When the driver drives out a signal transition, the wave initially sees the transmission line going to the left in parallel with the transmission line going off to the right, because the wave is going to split and propagate in both directions. So, the driver drives into 50 Ohms (100 // 100). The wave propagates in both directions down the transmission line until the ends are reached. You want to set RT to equal the differential characteristic impedance of 100 Ohms, so there is no reflection. With no reflections, there is no settling time, and the receivers get nice clean edges.
Now, consider the same transmission line structure, but this time being driven from one of the ends.
When the driver drives a signal transition, the wave first sees RT in parallel with the 100 Ohm differential transmission line. Assuming RT is set to 100 Ohms, the driver drives into 50 Ohms. The wave then travels down the transmission line. At the receiver in the middle, the wave sees the high-impedance input of the receiver in parallel with the rest of the transmission line, so it sees 100 Ohms, and there is no reflection. The wave travels on past the middle receiver and hits the RT end terminator. If that terminator matches the 100 Ohms of the differential transmission line, then there is no reflection, and the end receiver gets the full incident wave.
So, Both-Ends termination works really well for high-frequency signalling with low-voltage swings where the topologies require multiple drivers and receivers. Common differential logic families using both-ends termination are RS-485, CAN and Bus-LVDS (BLVDS).
Slowin’ it Down
The best solution to any transmission line problem is to implement a resistor at each driver that slows the edge rate down enough that the conductor no longer exhibits transmission line effects. You can’t do this if you need to drive at high frequency where edge rates must be fast, or if the conductor needs to be long, but in many cases you can do this. Slowing the edge down not only removes transmission line effects, but also reduces crosstalk and EMI, since those are proportional to signal edge rates.
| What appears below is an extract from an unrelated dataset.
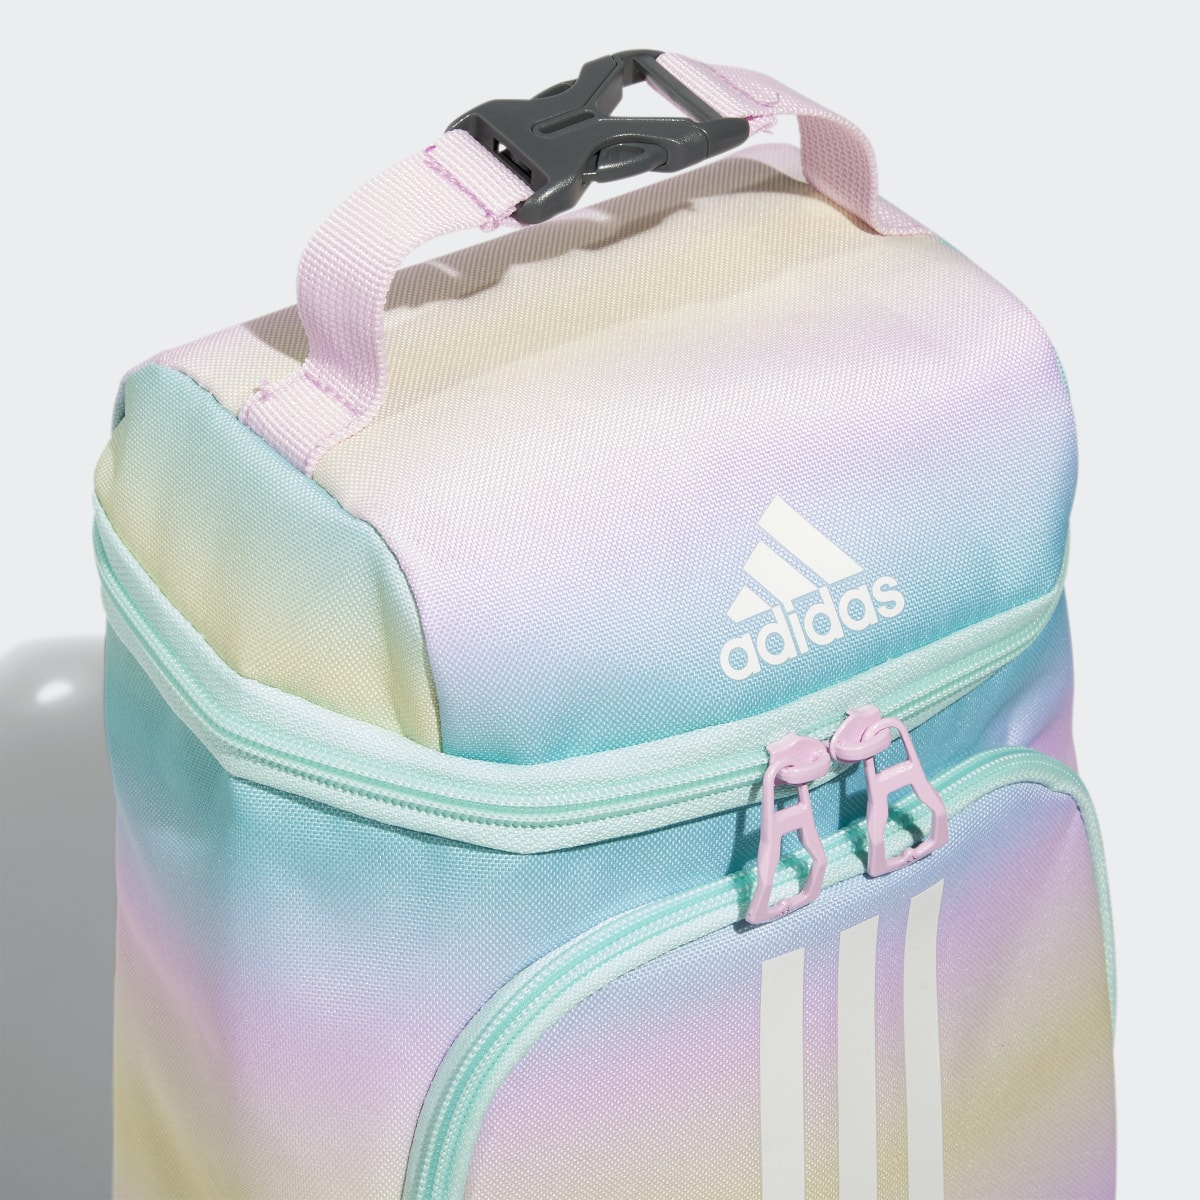 Adidas Excel Lunch Bag. 6

In order to choose a value of resistor to slow down the edge enough, make the assumption that you will get rid of transmission line effects and calculate based on a lumped-parameter system. Consider that the source resistor and capacitance of the PCB trace and receiver pin capacitance form a low-pass filter, and make the edge rate of the step-response of that filter be slow enough such that the conductor is not more than 1/6 as long as the distance that the signal edge would occupy on that conductor. Typically, you choose a value in the range 100 Ohms – 1000 Ohms.